## What you need to do:
With the pictures left out, reproduce exactly the lines running from the line with "Pittsburgh Steelers Sunglasses" to the last line of the material below.

Given data: Begin

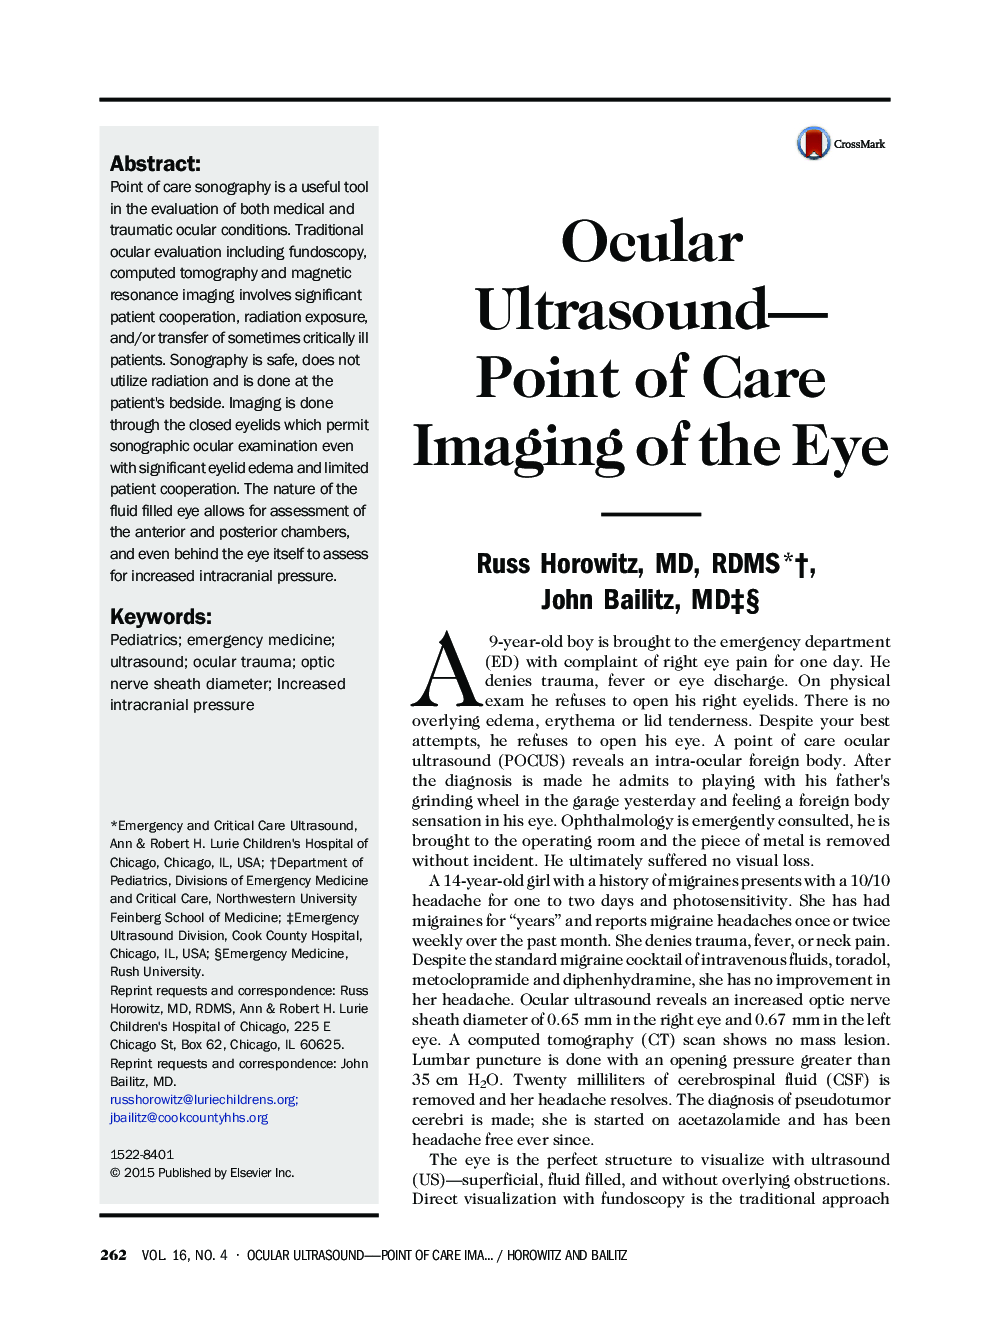 سونوگرافی چشمی؛ نقطه مراقبت تصویربرداری از چشم
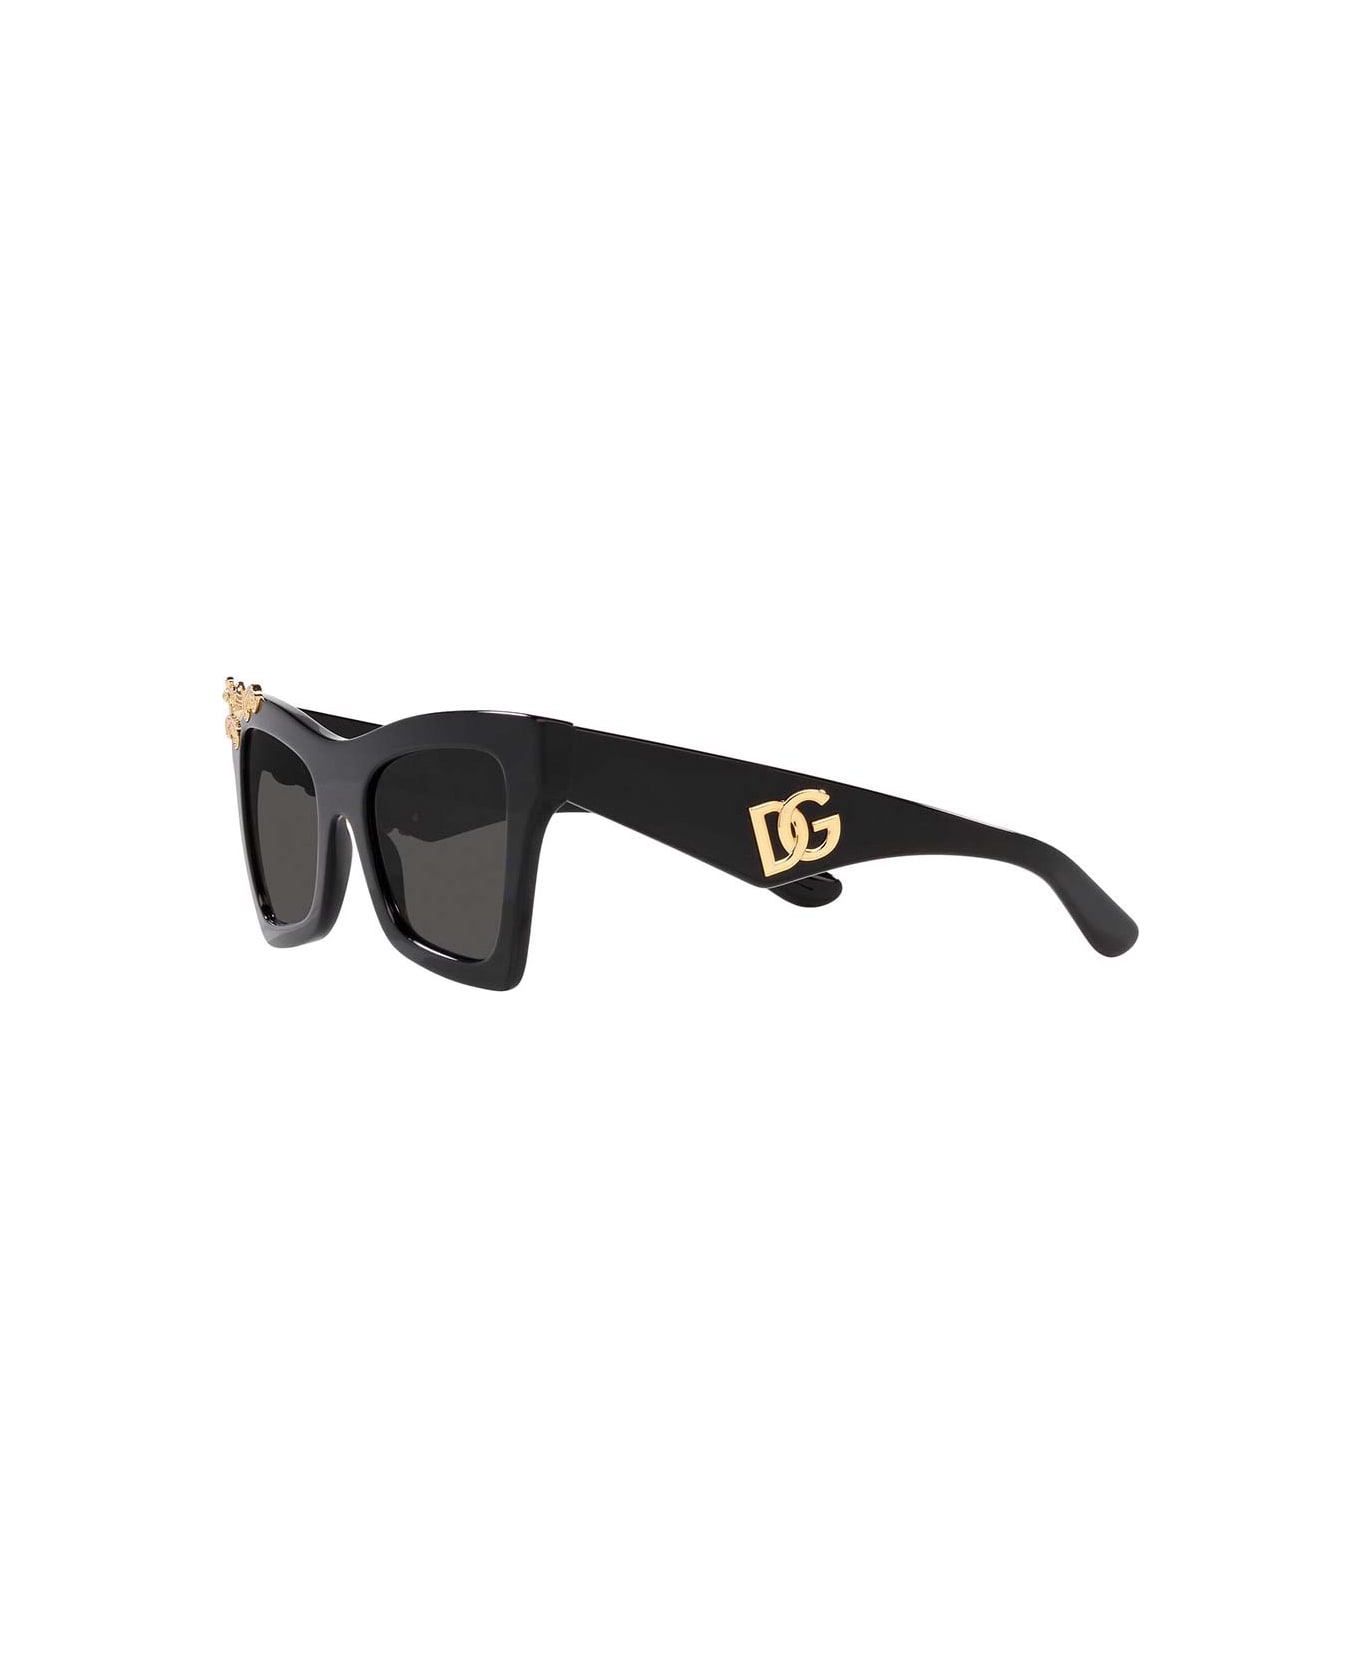 Pittsburgh Steelers Sunglasses Eyewear Microbag Eyewear Sunglasses Eyewear - Nero/Grigio
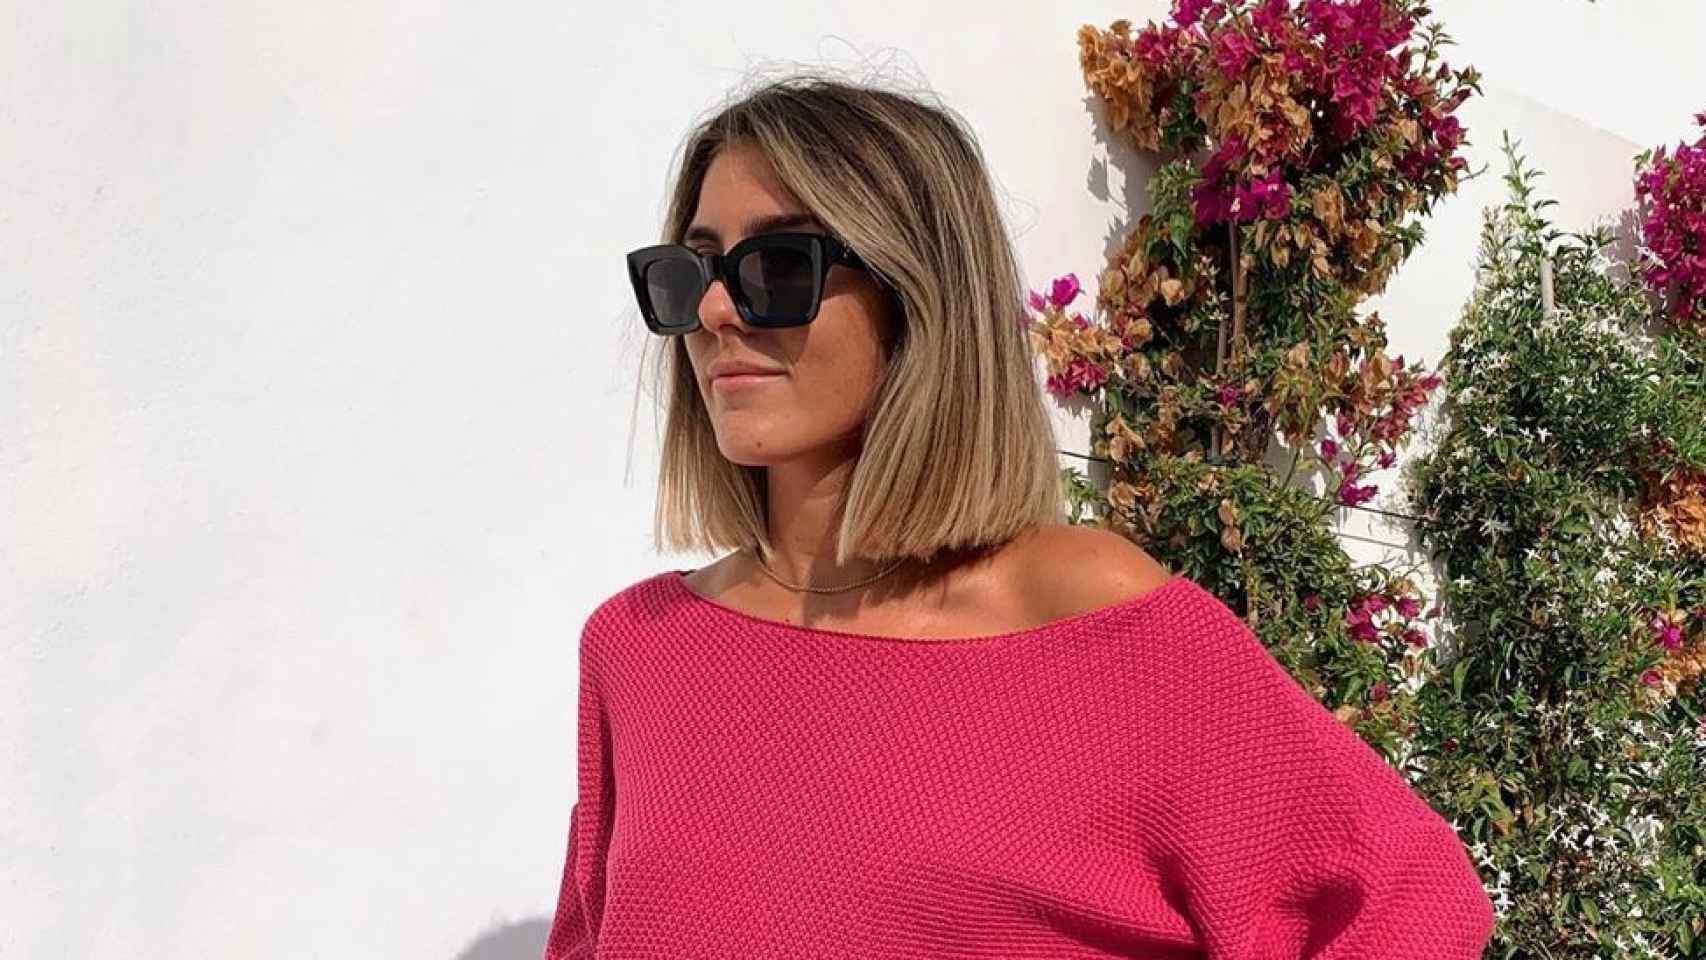 Anna Ferrer tiene el 'total look' perfecto para despedirse del verano y comenzar la rutina
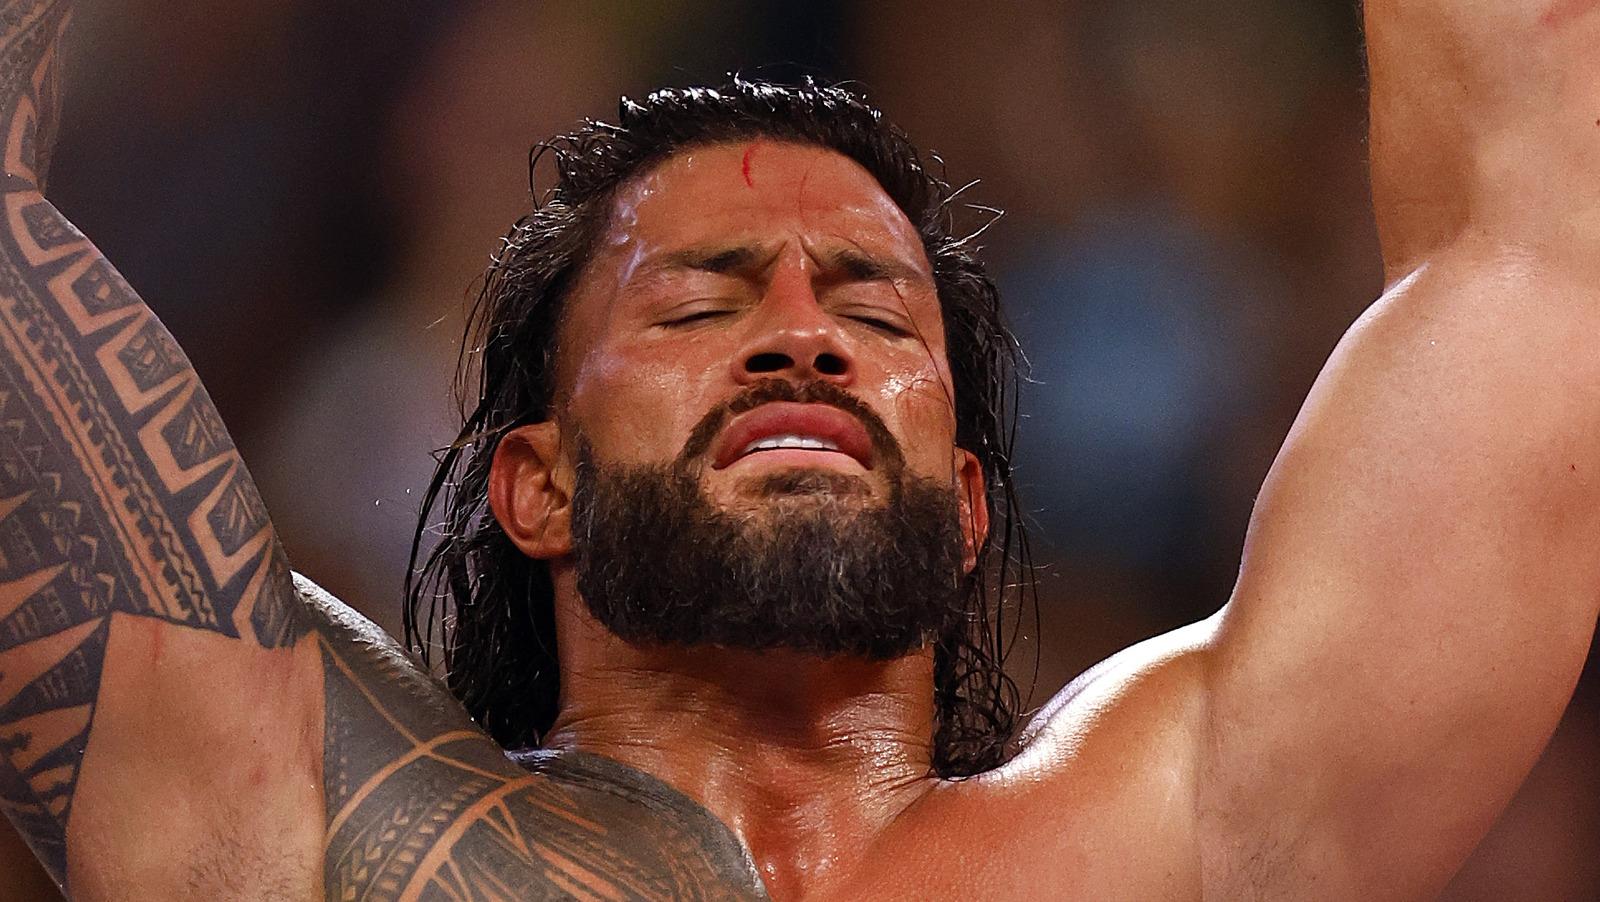 Kurt Angle cree que Roman Reigns podría ser campeón por demasiado tiempo, le preocupa que los fanáticos pierdan interés

Given data: End

## Solution to this exercise:
 Pittsburgh Steelers Sunglasses Eyewear Microbag Eyewear Sunglasses Eyewear - Nero/Grigio
 Anna Ferrer tiene el 'total look' perfecto para despedirse del verano y comenzar la rutina
 Kurt Angle cree que Roman Reigns podría ser campeón por demasiado tiempo, le preocupa que los fanáticos pierdan interés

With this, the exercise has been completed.